About your veteran status, there are several others on here, already living in Mexico, who could give you better information than I. I'm 100% P&T service-connected (and Army retired) and planning to make the move in a year or two once my wife retires. In my preparations what I've learned (so far) is that your VA records can/would be transferred to Washington DC to be administered (rather than at a state regional office); your checks would still be deposited where ever you designate. I read before where another vet said that he was able to have an annual appointment / exam set up with a doctor in Mexico, but there are no centers in Mexico for care, evaluation or medicines. That information was in a different veteran discussion forum elsewhere online. However, there are good public & private care facilities & plans available for a fraction of the cost in the US that could be to your advantage - again, depending on your situation & needs.

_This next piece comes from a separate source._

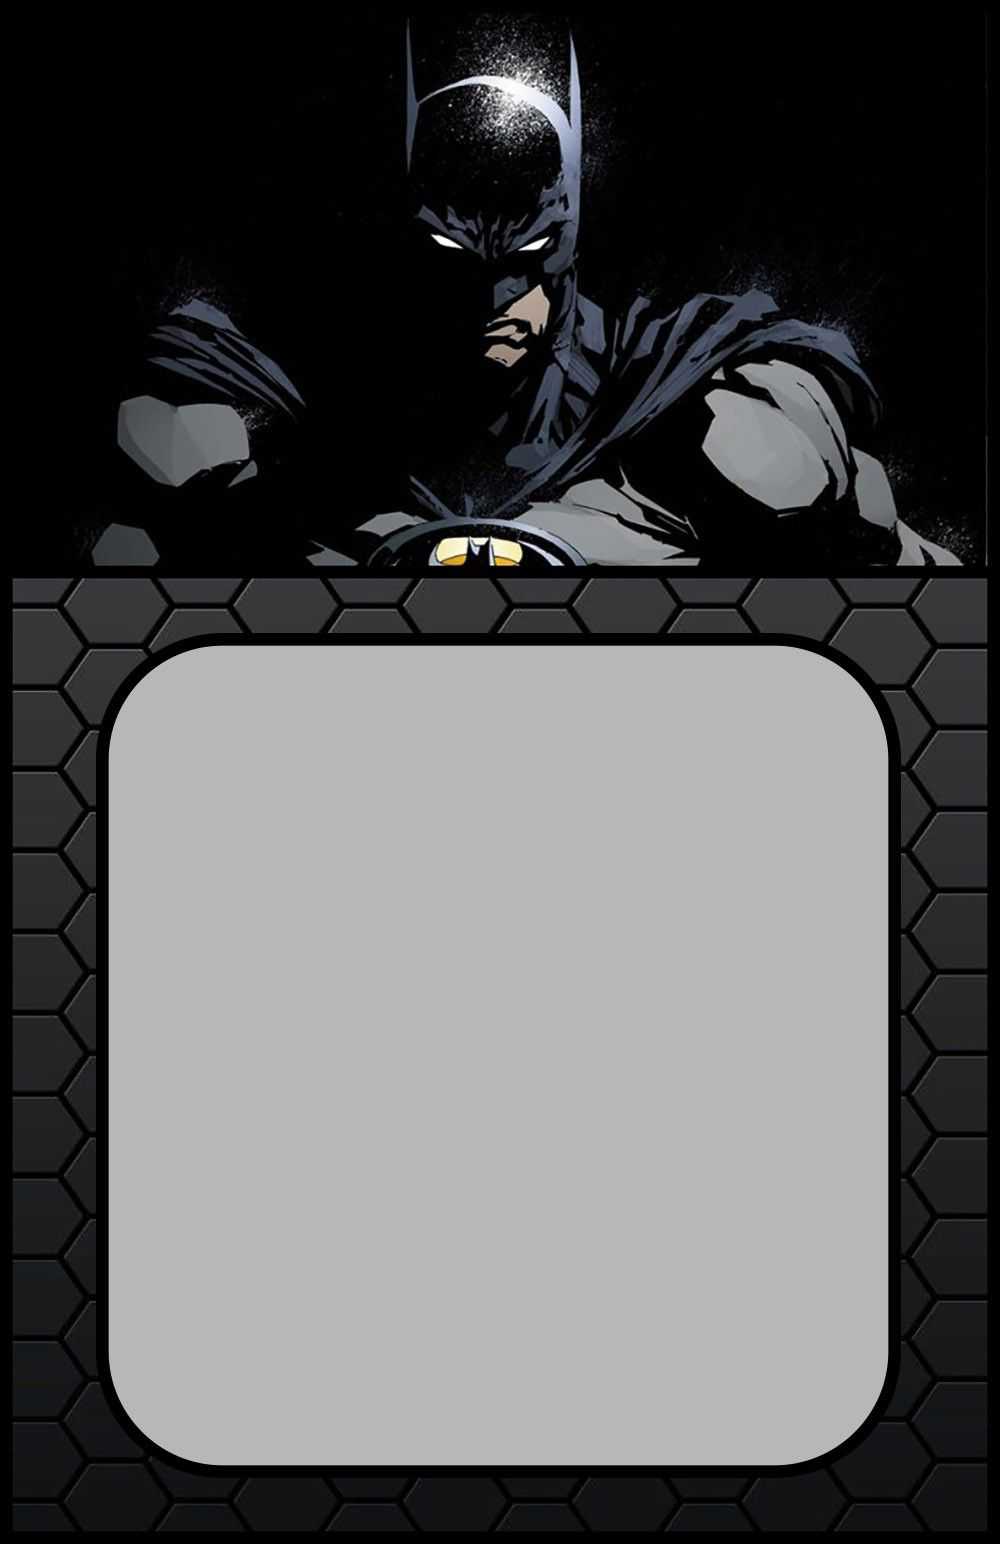 Printable Batman Invitation Card | Batman Invitations With Regard To Batman Birthday Card Template

All said, TJGUY nailed it pretty well for you about locating close to the border for access to VA facilities in California (and / or Arizona & Texas); with the Baja area being a good choice for if you need to continue to work. The VA is a good source for info about what you can / can't do & their limits for overseas & OCONUS resident vets; it's something they've dealt with for ages. Once you've got that figured out, you're in good hands here with plenty of Expat neighbors to give you good guidance based on their actual experience(s).

Good luck!!


----------



## Isla Verde (Oct 19, 2011)

Howler said:


> . . . another thought that just occurred to me - depending on your age, your situation may greatly improve once your social security income kicks in. Assuming down the road that you're already settled in & accustomed to living in Mexico, the addition would come as a shot in the arm to your budget & may push you over the amount required by the Mexican gov't to apply for permanent residency. (By then the law could also change - again - in your favor)


If TurtleMD's financial situation improves in the near future, allowing him to meet Mexican government guidelines for being granted legal residence , he would probably first apply for a _residente temporal_l visa not _residente permanente_.


----------



## Howler (Apr 22, 2013)

Isla Verde said:


> If Howler's financial situation improves in the near future, allowing him to meet Mexican government guidelines for being granted legal residence , he would probably first apply for a _residente temporal_l visa not _residente permanente_.


CORRECTION

IV - that's TurtleMD's situation that may improve. Mine is already sufficient to meet the gov't guidelines, but I'm just waiting on my wife to (decide to) retire before we "take the plunge". Also, she is a native-born Mexican which would put me in a different situation to apply for permanent residency when the time comes. All along, we have always planned for our Social Security incomes as an increase in our retirement incomes once they start. That is an additional blessing for us, although I know it doesn't work out the same way for many others.


----------



## Isla Verde (Oct 19, 2011)

Howler said:


> CORRECTION
> 
> IV - that's TurtleMD's situation that may improve. Mine is already sufficient to meet the gov't guidelines, but I'm just waiting on my wife to (decide to) retire before we "take the plunge". Also, she is a native-born Mexican which would put me in a different situation to apply for permanent residency when the time comes. All along, we have always planned for our Social Security incomes as an increase in our retirement incomes once they start. That is an additional blessing for us, although I know it doesn't work out the same way for many others.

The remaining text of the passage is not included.